A higher earnings growth by its O2C and organised retail business is likely to boost the company’s key profitability, such as return on equity (ROE) and return on capital employed (ROCE), in FY22.
The company’s ROCE on a consolidated basis declined to 7.8 per cent in FY21 — its lowest level in at least three decades. The previous low was 9.5 per cent in 2014-15.
Similarly, the company’s return on net worth declined to a low of 8.4 per cent last financial year, according to the Capitaline database.
According to analysts, a likely improvement in ROE and ROCE is a positive trigger and could translate into higher valuation ratios for the company.

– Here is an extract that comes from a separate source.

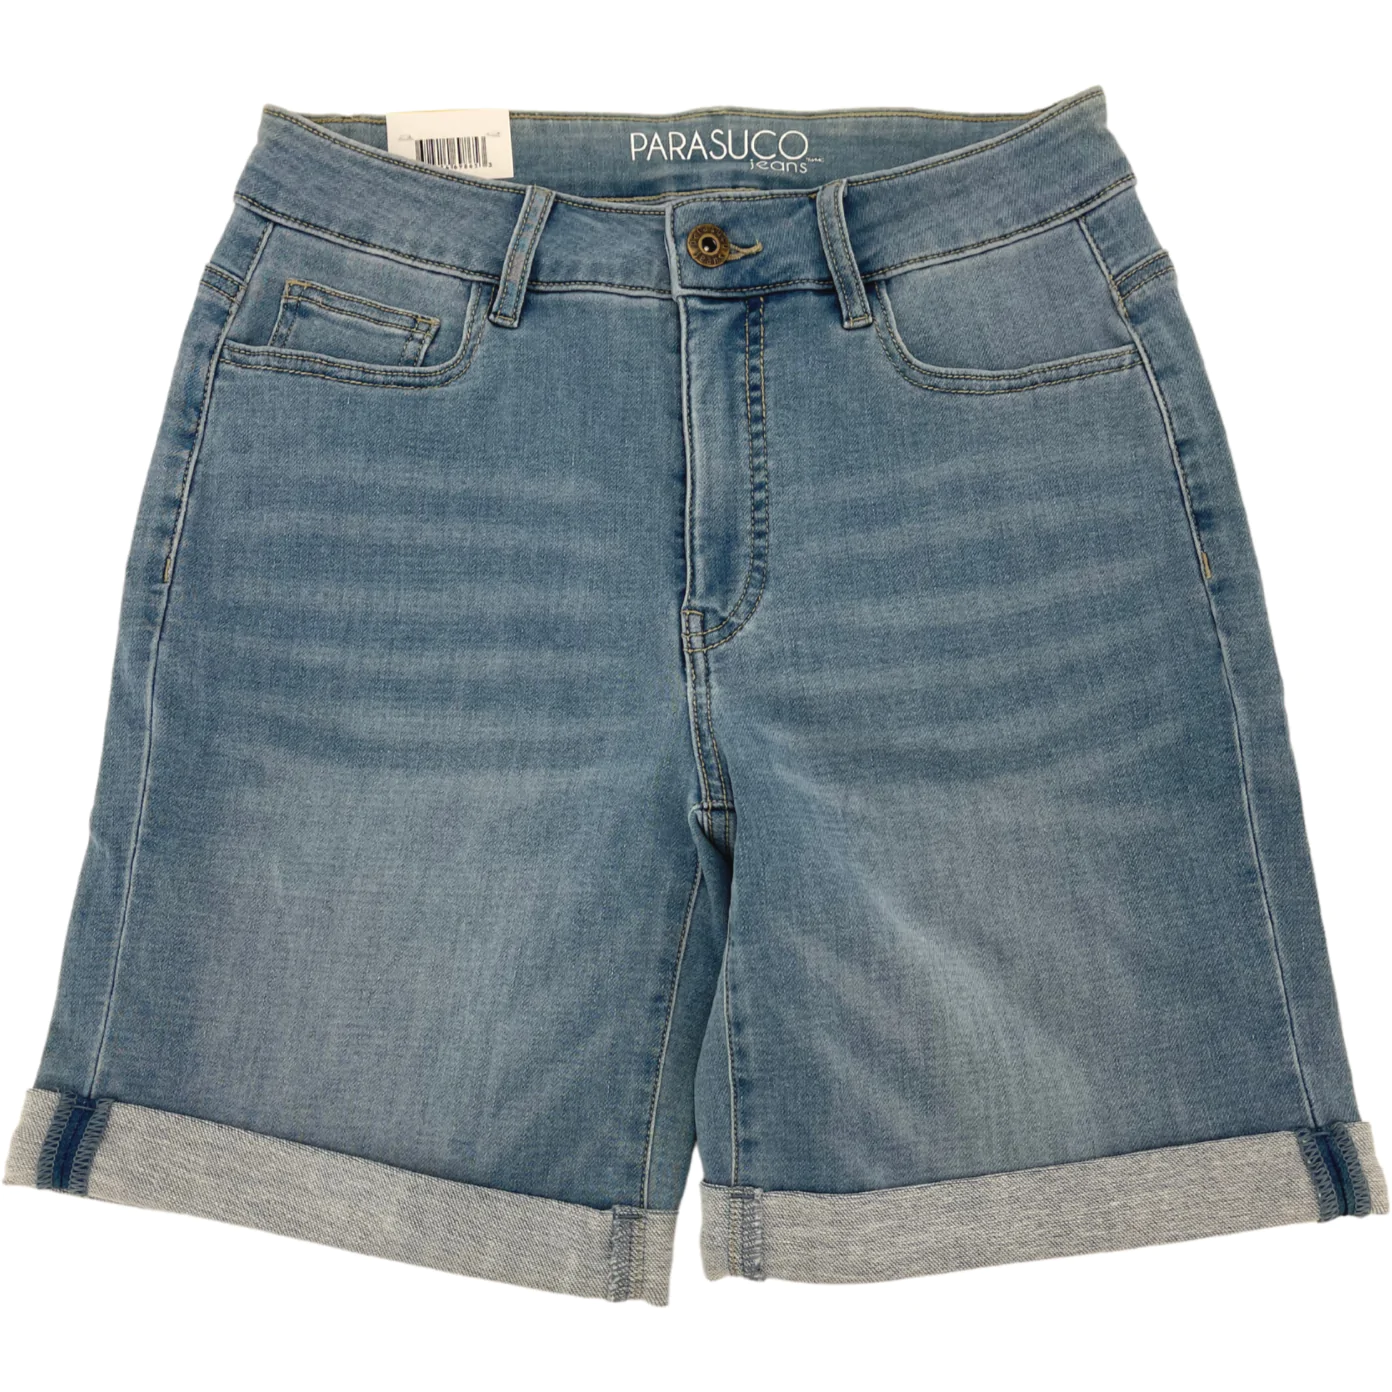 Parasuco Women's Jean Shorts: Light Wash / Size 6

Others say investors are betting on an incremental earnings growth from the company’s planned foray into green energy, such as solar and hydrogen.
“The expectation in the market is that the proposed diversification into green energy will start contributing to RIL’S consolidated earnings in the next three years,” says Shailendra Kumar, chief investment officer, Narnolia Securities.
Speaking at the company’s annual general meeting in June this year, the company’s promoter and Chairman Mukesh Ambani announced a multiyear plan to invest around ~75,000 crore in solar energy, which includes a plan to manufacture solar photovoltaic panels in India. Ambani also announced a foray into 5G mobile tech and the rollout of a new affordable 4G-enabled smartphone by Diwali this year.
Analysts say RIL’S stock performance also depends upon the movement in the broader market. They say it now increasingly behaves like a safe-haven stock and does well when investors turn cautious.
“RIL’S earnings growth has become very predictable, much like what we can expect from top fast-moving consumer goods and interactive response tech services companies. This, coupled with the company’s huge size and market capitalisation, makes it a low beta and a defensive stock,” says Kumar.